The bad air of the cell was becoming intolerable to Julien; happily, on the day on which they told him he was to die, a lovely sun enlivened nature, and Julien was in a courageous mood.  To walk in the open air was to him a delicious sensation, as to walk on land might be to a sailor who has been long at sea.  Well, everything is going well, he told himself, I don’t lack courage.  Never had that head been so poetic as when it was about to fall.  The sweet moments he had passed in the woods of Vergy crowded upon his memory with the utmost force.  Everything took place simply decently, and on his side without affectation.
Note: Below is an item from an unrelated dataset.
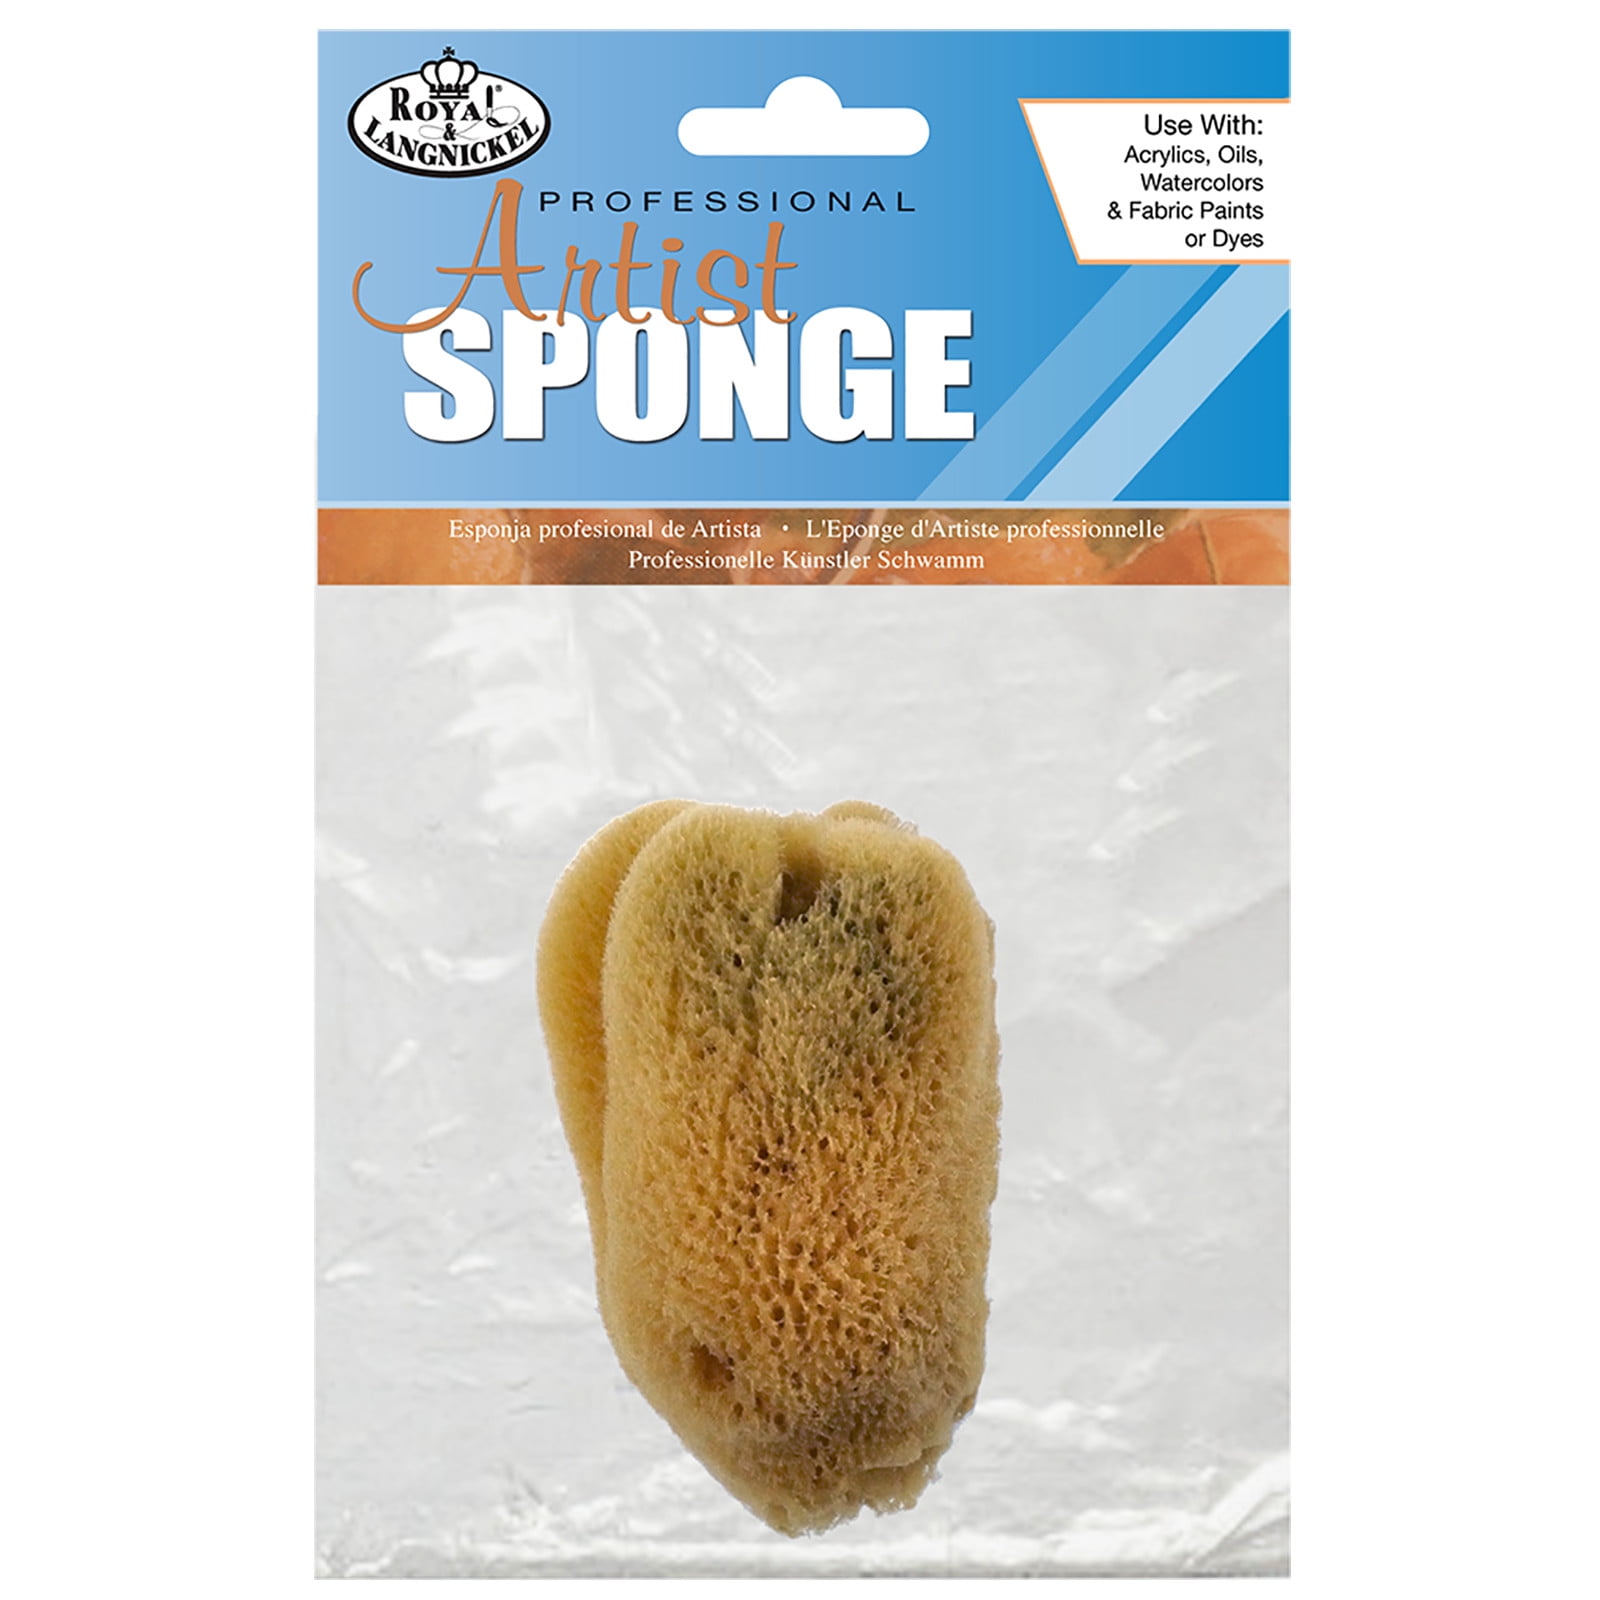 Silk Sponge Royal Brush Artist's Sponge 3-3-1/2

It takes nerve to write as sparely as that, but you can see why Stendhal had such appeal for the later American writer named Ernest Hemingway.  He would take aspects of the hero of the other great Stendhal novel as a model for parts of Farewell to Arms.

For many, now, the passion of this 19th century melodrama will be way over the top; a political sub-plot in the second half of the novel comes from and goes to nowhere; then with a rapid change of pace, the whole deal unfolds in three pages; some might ask whether the hero has any heart at all; and it’s a bit rough to be executed for murder when the victim is alive and begging for mercy. 

But, boy, this guy could write, and this novel is a stand-out.  And fans of the film La reine Margot will recall that the de La Mole family had form with the severed heads of lovers.

Like a lot of the novels of Balzac, Flaubert, and Proust, this one is a study in caste in France after Napoleon.  They make you wonder why the French bothered to have a revolution at all.